I have a generator for a large set of items. I want to iterate through them once, outputting them to a file. However, with the file format I currently have, I first have to output the number of items I have. I don't want to build a list of the items in memory, as there are too many of them and that would take a lot of time and memory. Is there a way to iterate through the generator, getting its length, but somehow be able to iterate through it again later, getting the same items?
我有一套用于大量物品的发电机。我想迭代它们一次,将它们输出到一个文件。但是,对于我目前拥有的文件格式,我首先必须输出我拥有的项目数。我不想在内存中构建项目列表,因为它们太多而且需要花费大量的时间和内存。有没有办法迭代生成器,获得它的长度,但不知何故能够再次迭代它,获得相同的项目?
If not, what other solution could I come up with for this problem?
如果没有,我可以为这个问题提出什么其他解决方案?
3 个解决方案
#1
5
If you can figure out how to just write a formula to calculate the size based on the parameters that control the generator, do that. Otherwise, I don't think you would save much time.
如果你能弄清楚如何根据控制发生器的参数编写一个公式来计算大小,那就这样做吧。否则,我认为你不会节省太多时间。
Include the generator here, and we'll try to do it for you!
在这里包括发电机,我们会尽力为您服务!
#2
5
This cannot be done. Once a generator is exhausted it needs to be reconstructed in order to be used again.
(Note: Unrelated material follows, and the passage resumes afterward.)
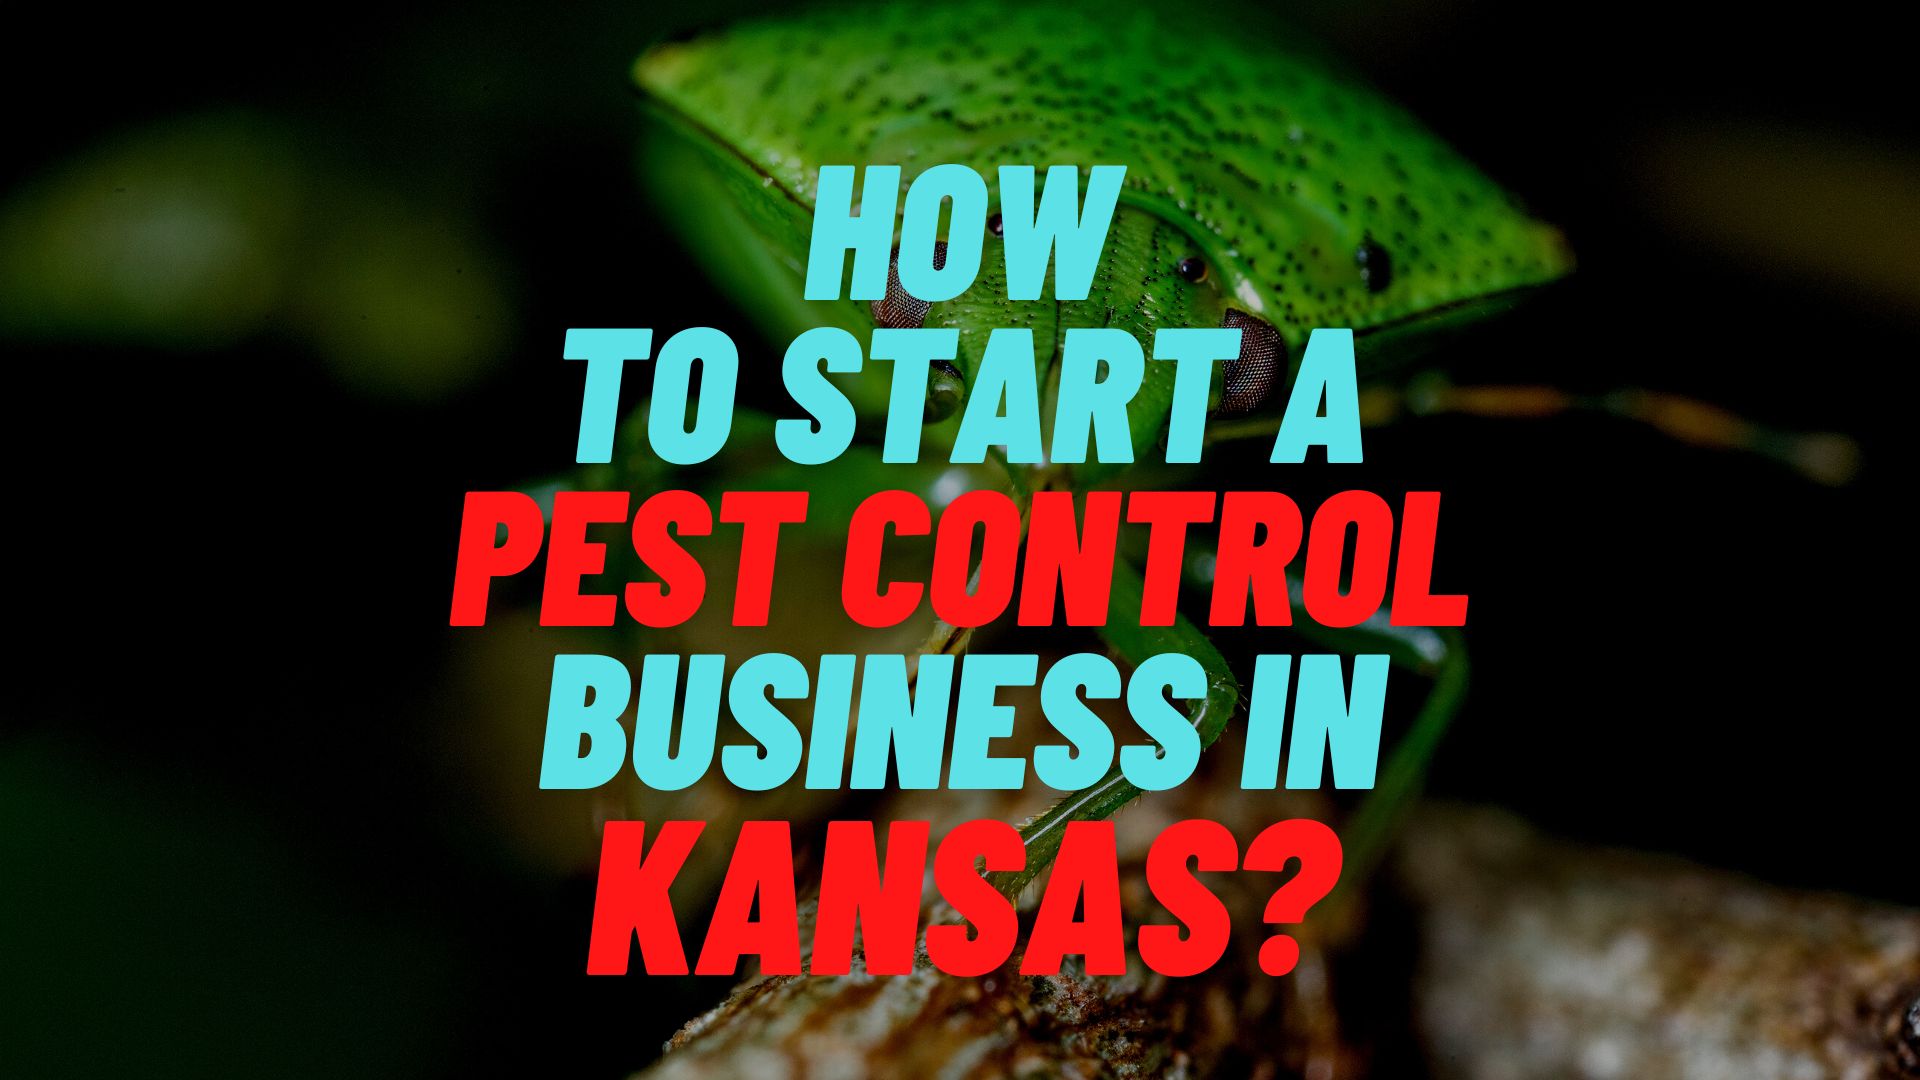 How to start a pest control business in Kansas?

It is possible to define the __len__()
method on an iterator object if the number of items is known ahead of time, and then len()
can be called against the iterator object.
这是不可能做到的。一旦发电机耗尽,就需要重建它以便再次使用。如果事先知道项目数,则可以在迭代器对象上定义__len __()方法,然后可以针对迭代器对象调用len()。
#3
5
I don't think that is possible for any generalized iterator. You will need to figure out how the generator was originally constructed and then regenerate it for the final pass.
我认为任何通用迭代器都不可能。您将需要弄清楚如何最初构建生成器,然后为最终传递重新生成它。
Alternatively, you could write out a dummy size to your file, write the items, and then reopen the file for modification and correct the size in the header.
或者,您可以在文件中写出虚拟大小,编写项目,然后重新打开文件进行修改并更正标题中的大小。
If your file is a binary format, this could work quite well, since the number of bytes for the size is the same regardless of what the actual size is. If it is a text format, it is possible that you would have to add some extra length to the file if you weren't able to pad the dummy size to cover all cases. See this question for a discussion on inserting and rewriting in a text file using Python.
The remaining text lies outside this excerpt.